Now that there is just funny.


----------



## ggieseke (May 30, 2008)

karlegas said:


> I thinked if you move the external expander to another Tivo you will lose your recordings because one part is on the internal drive and other in the external. Let me know if I am wrong. I get a Roamio Plus and I want add my external WD 1TB so I suppose needs tranfers file by file


Once you add an expander, ALL recordings from that point forward will be lost if either the internal or external drive fails.


----------



## RussW64 (Oct 21, 2013)

It's important to note that adding an expander is not like using a flash drive (or similar device). A flash drive on a computer can move files from one device to another. NOT so with the DVR expander. Once it's connected to your TiVo it "mates itself" to the one device using encryption. 

And while it's great to have the much needed increased recording space (I have two, one for my Roamio Plus and one for my older XL4), you cannot unplug it and "bring programs" to another device. Once unplugged and connected to another device, and all programs recorded on it will be unusable.

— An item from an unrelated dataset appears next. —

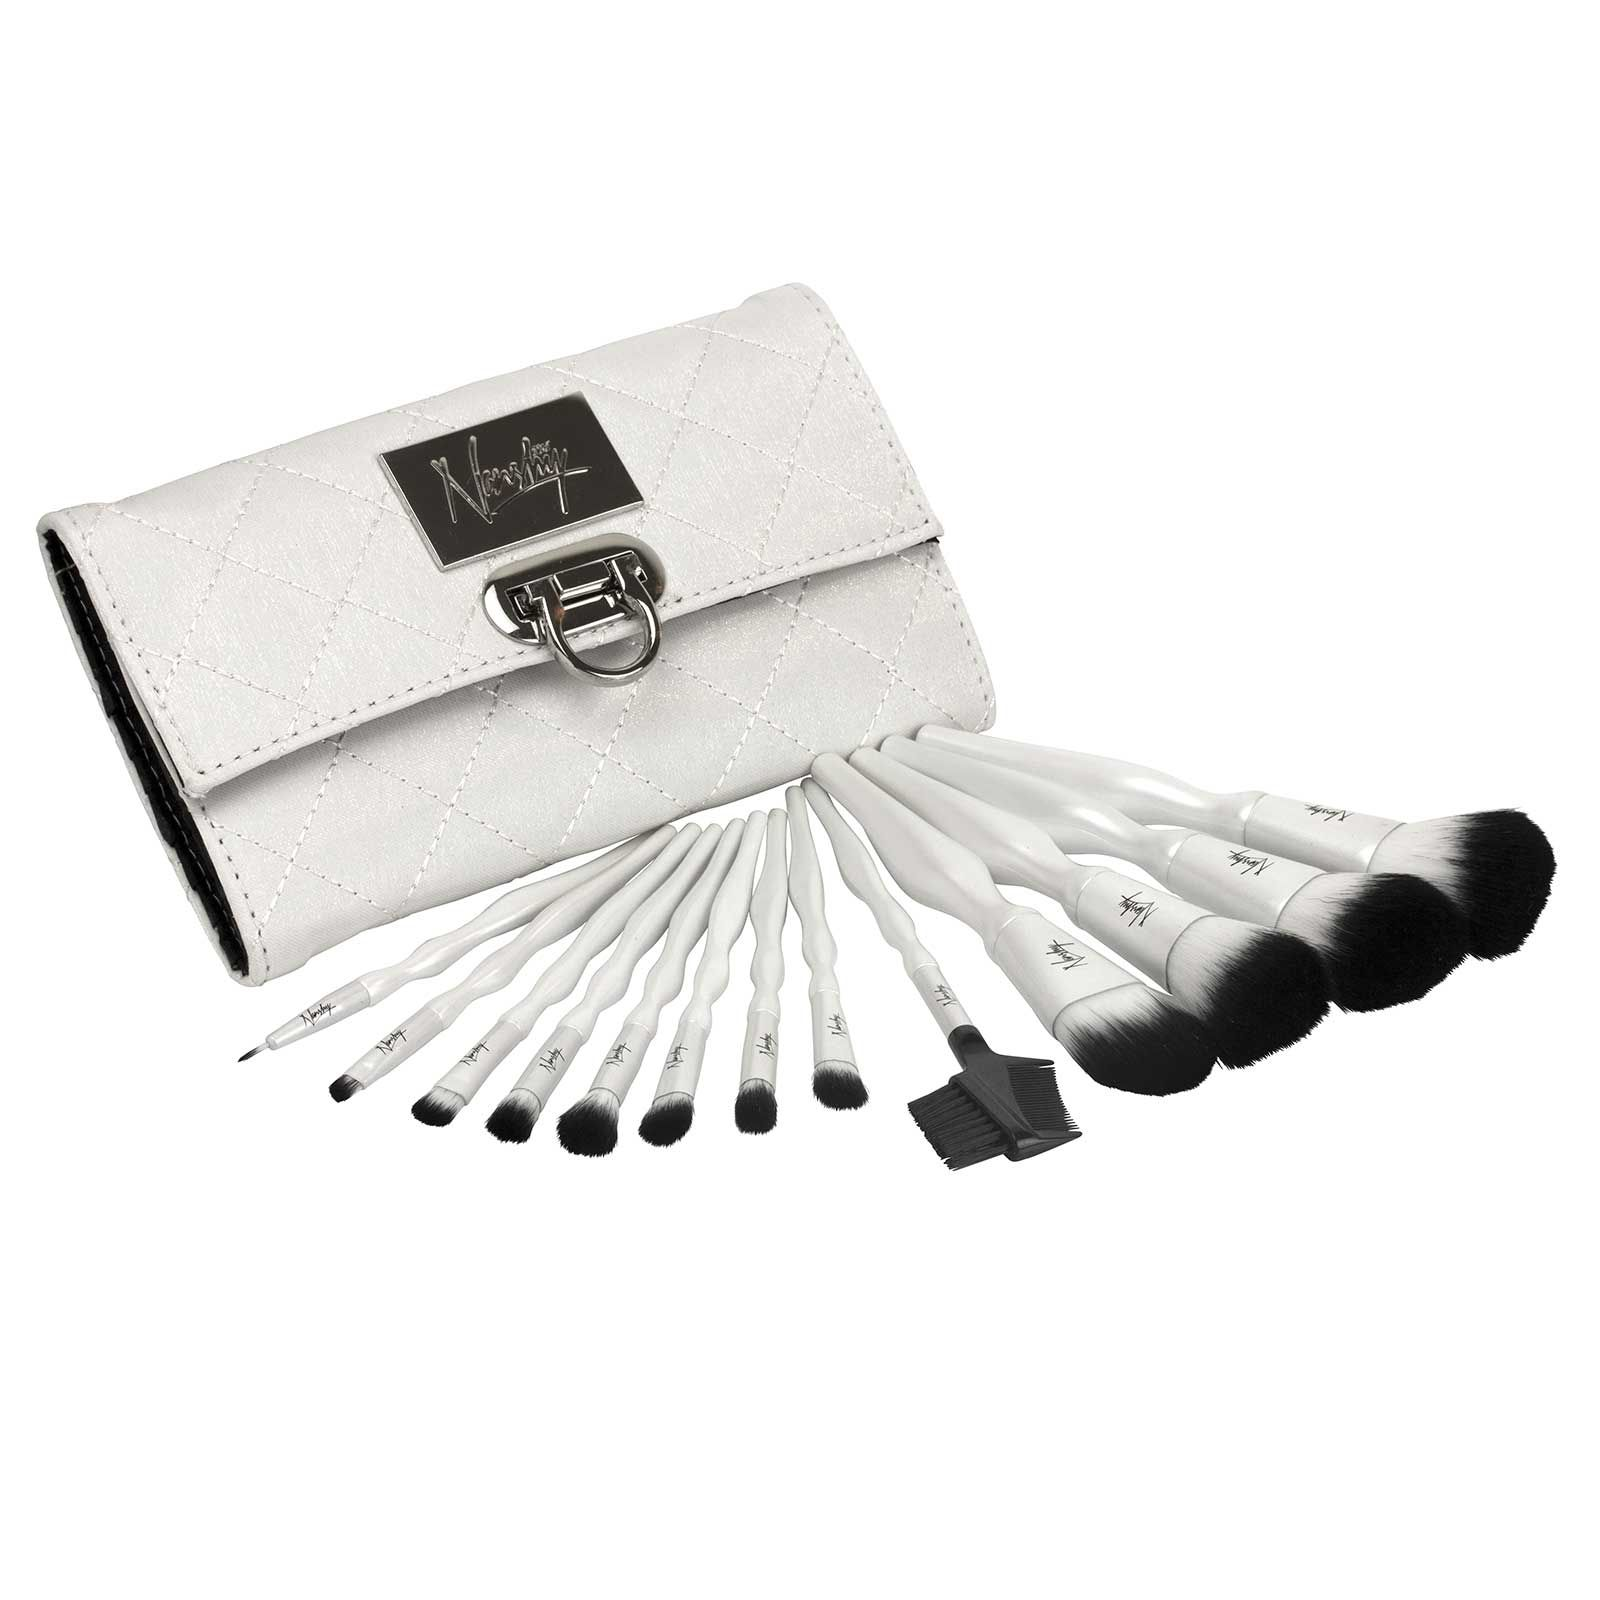 Nanshy Necessities Collection Vegan Makeup Brush Set

If you have a Roamio Plus or Roamio Pro, they have built in streaming capability where you can watch what you've recorded on them elsewhere, or you can watch what you've recorded on another model TiVo on the Roamio Plus or Roamio Pro. You can even watch what you've recorded on your Roamio Plus/Pro on an iPad OUTSIDE your home. (I tried the out of home streaming, and it worked very well).


----------



## rainwater (Sep 21, 2004)

You couldn't pay me to use a Roamio with a expander drive. In my experience they cause nothing but issues (freezing, slow UI, etc). And when they die you lose ALL your recordings.


----------